Recorded data →
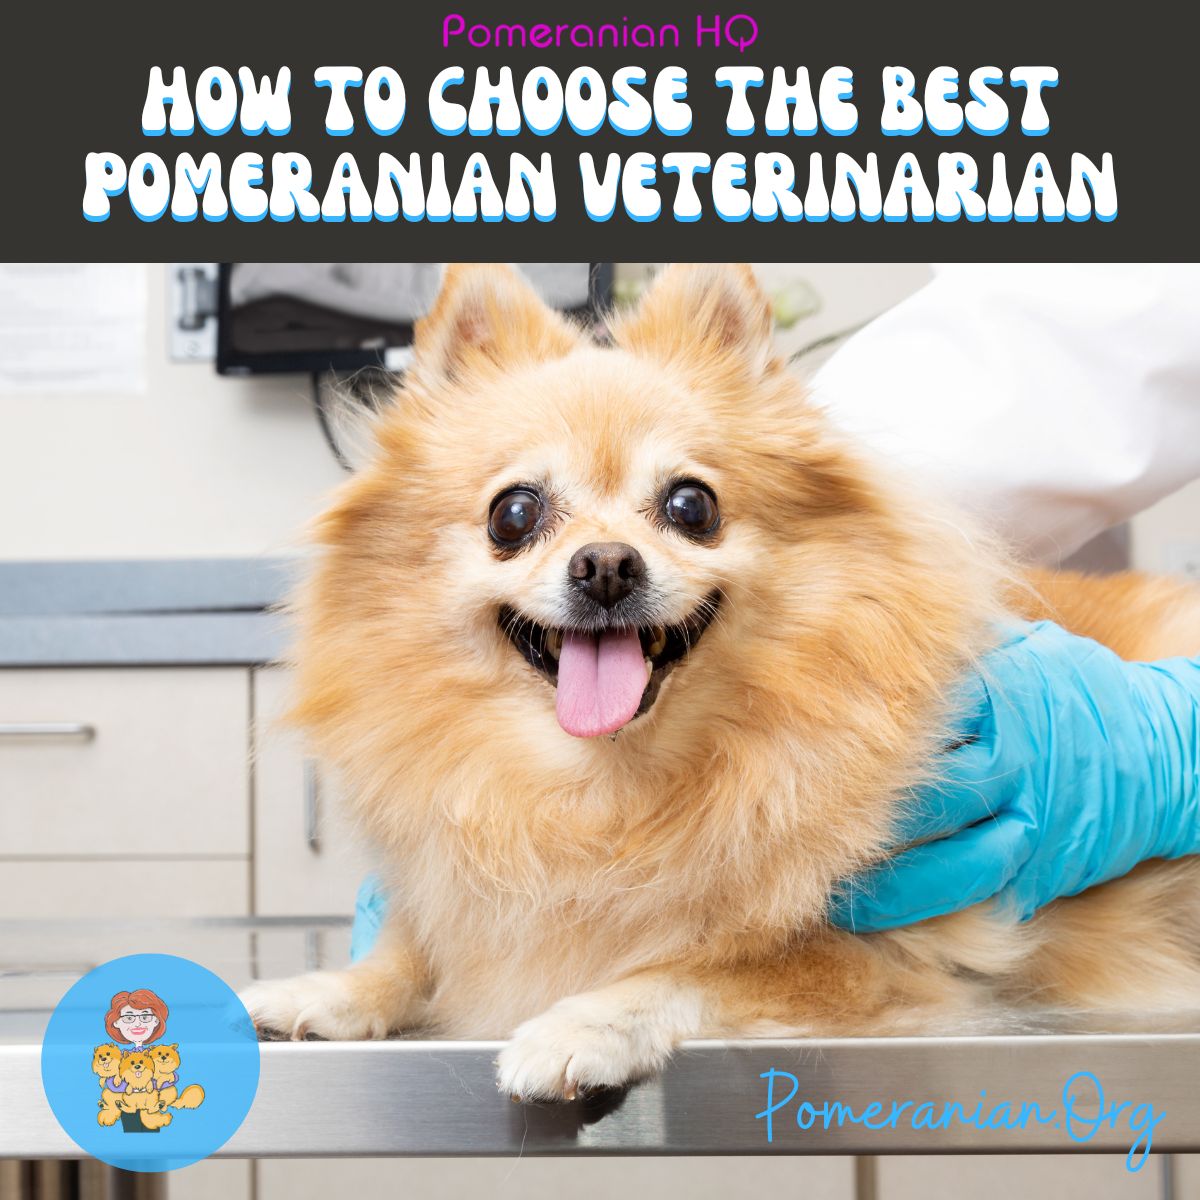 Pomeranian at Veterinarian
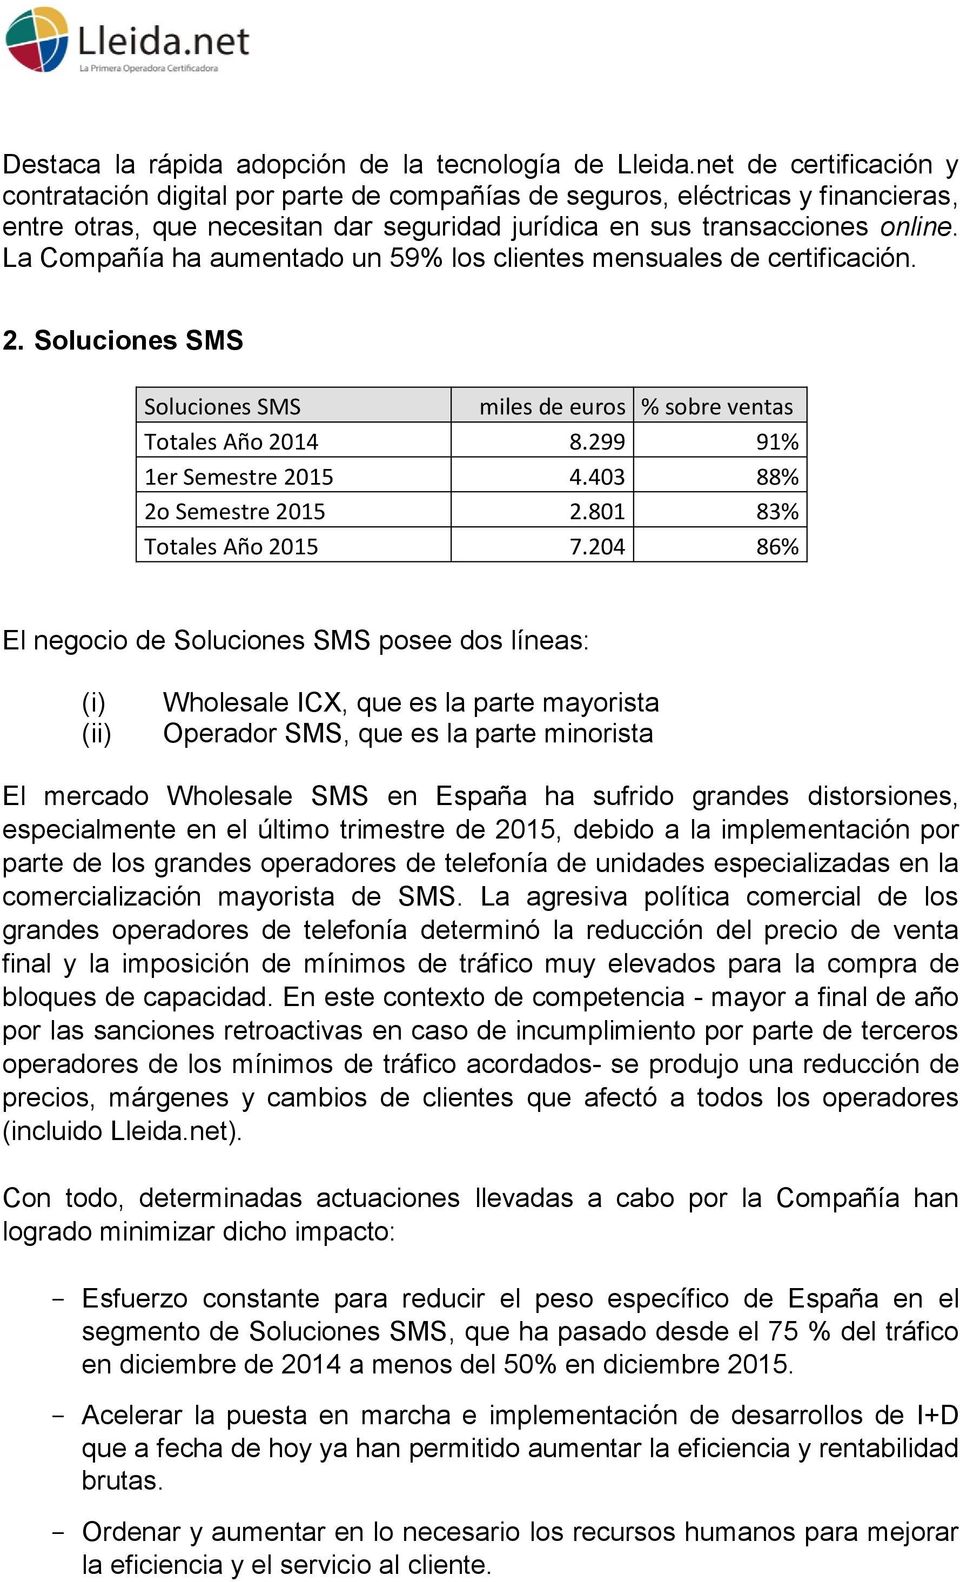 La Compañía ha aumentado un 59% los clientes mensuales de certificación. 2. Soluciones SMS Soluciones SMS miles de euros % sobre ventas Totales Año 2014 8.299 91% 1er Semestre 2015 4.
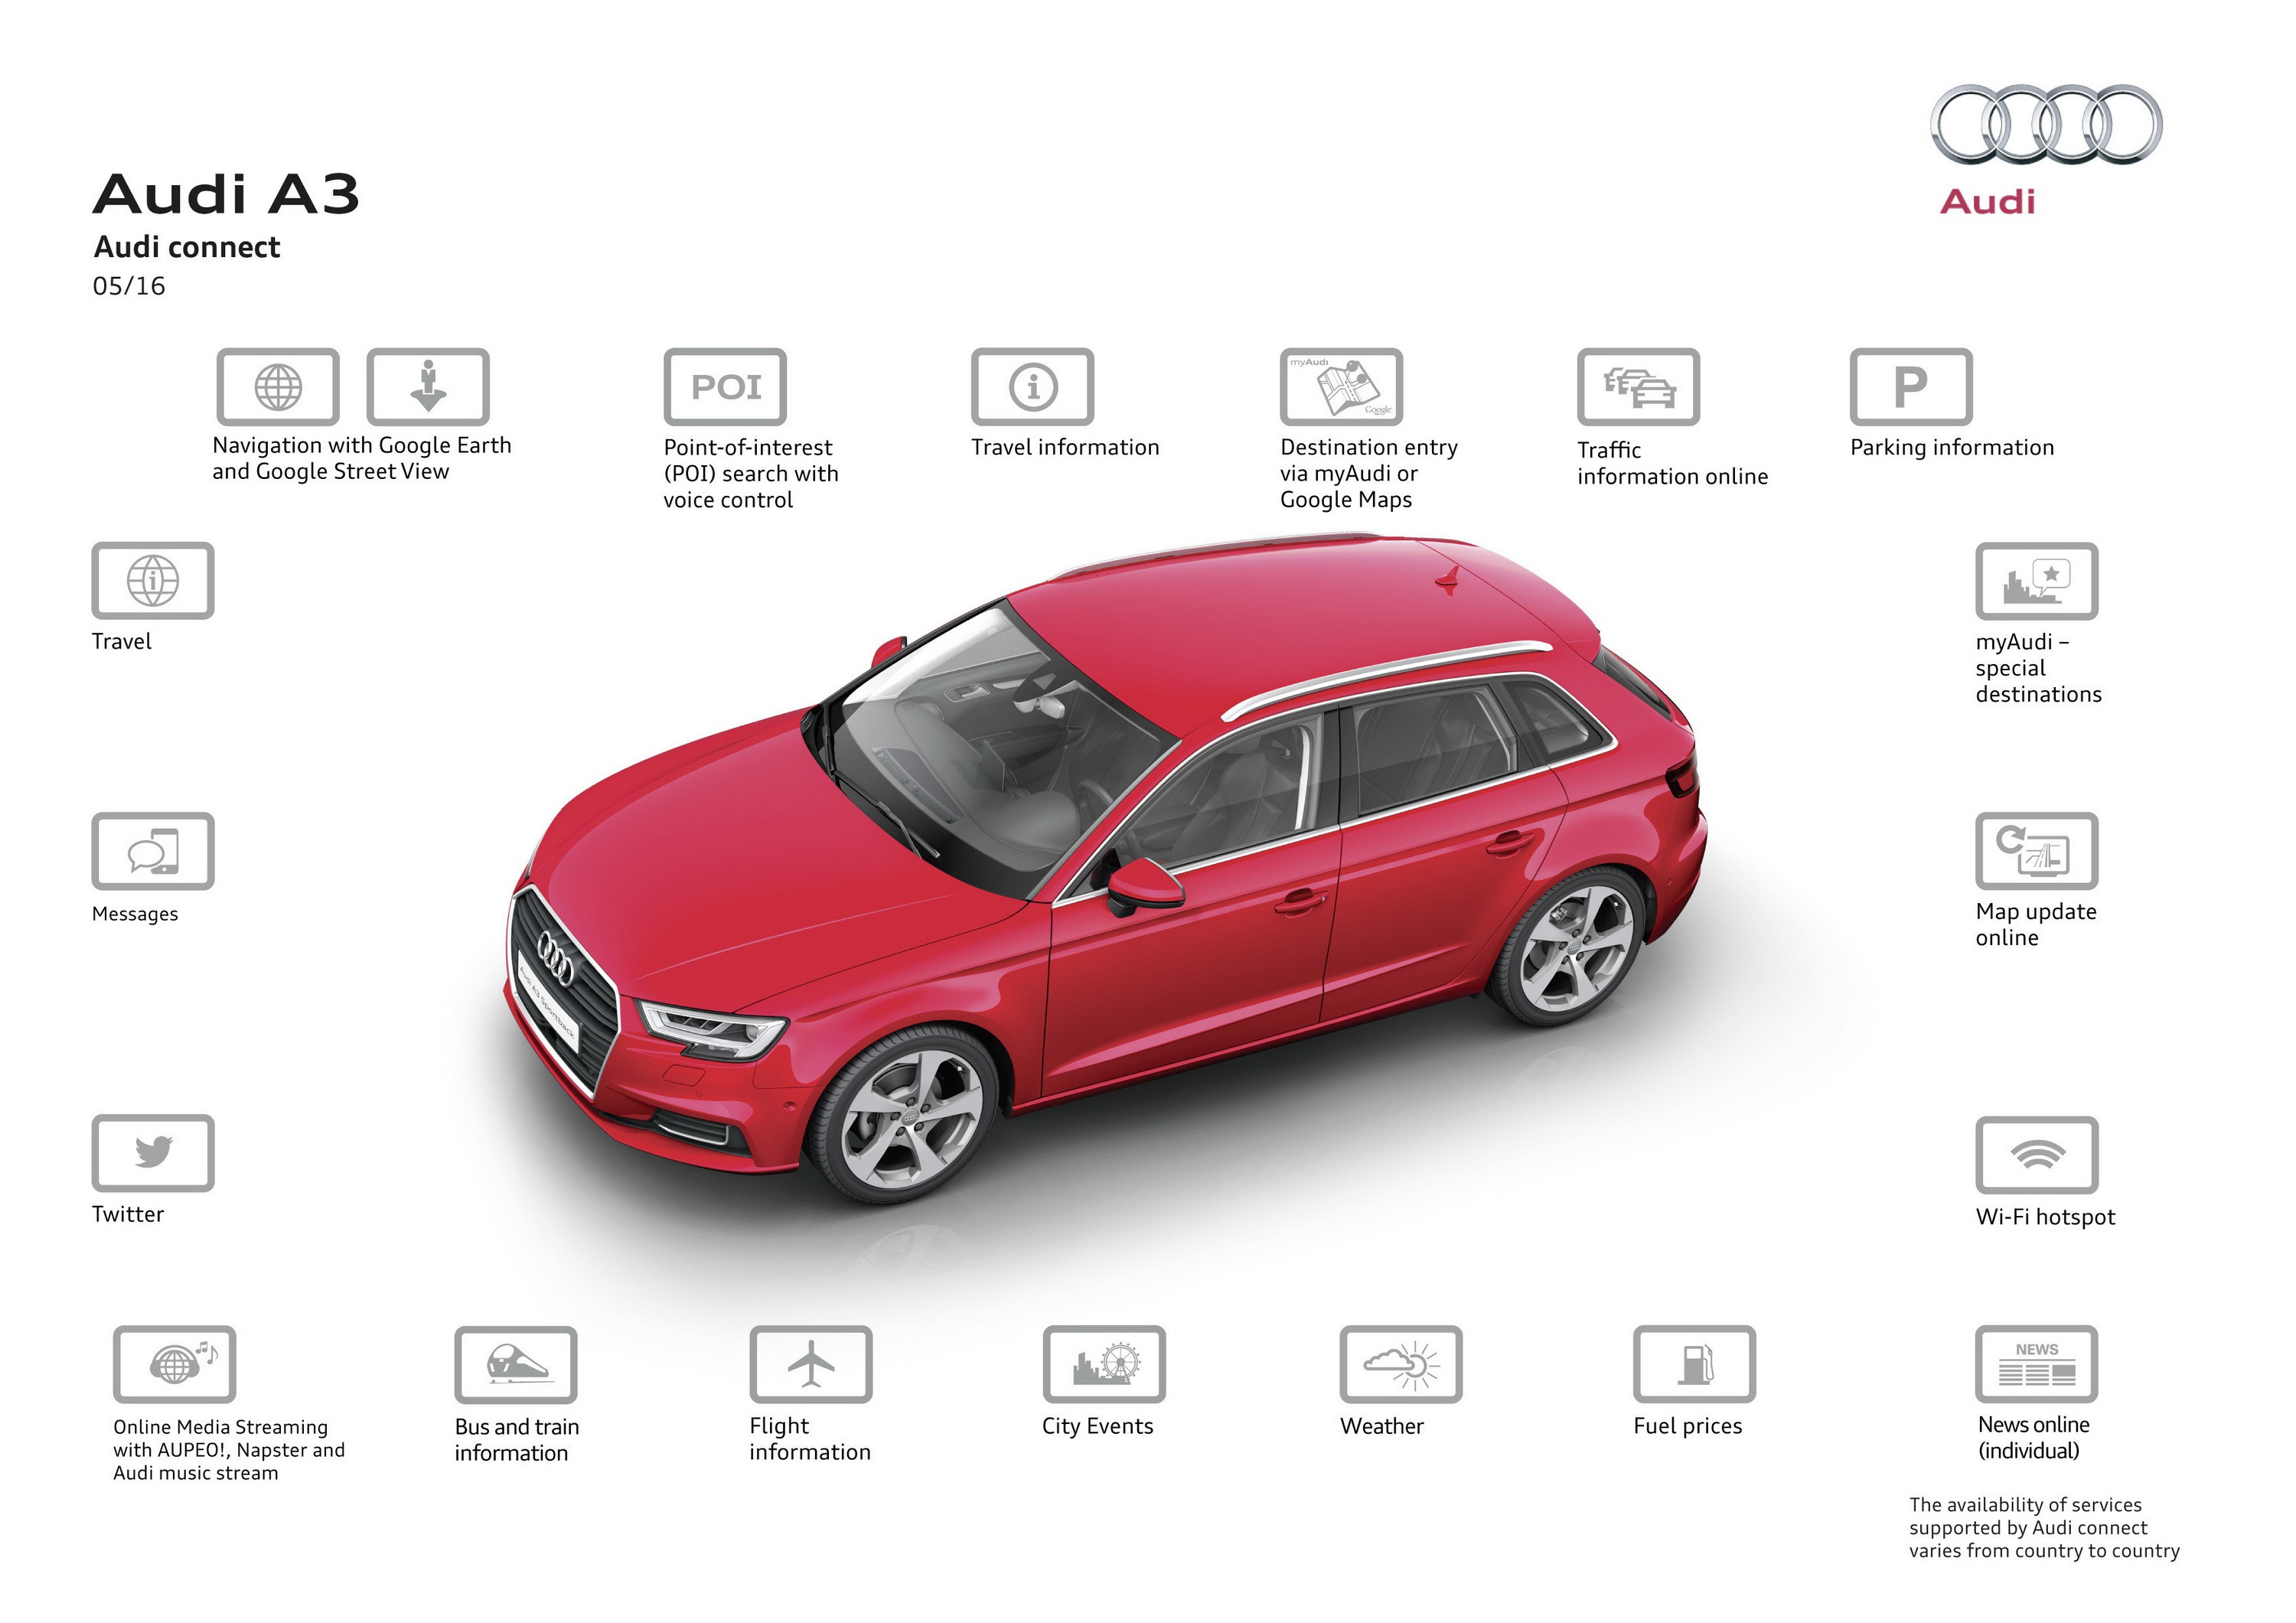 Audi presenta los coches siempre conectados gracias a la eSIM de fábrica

What this task involves →
The expected output is the run of lines from the one containing "La Compañía ha" to the last line of the listing above, both included, word for word and free of pictures.

Result of the exercise →
 La Compañía ha aumentado un 59% los clientes mensuales de certificación. 2. Soluciones SMS Soluciones SMS miles de euros % sobre ventas Totales Año 2014 8.299 91% 1er Semestre 2015 4.
 Audi presenta los coches siempre conectados gracias a la eSIM de fábrica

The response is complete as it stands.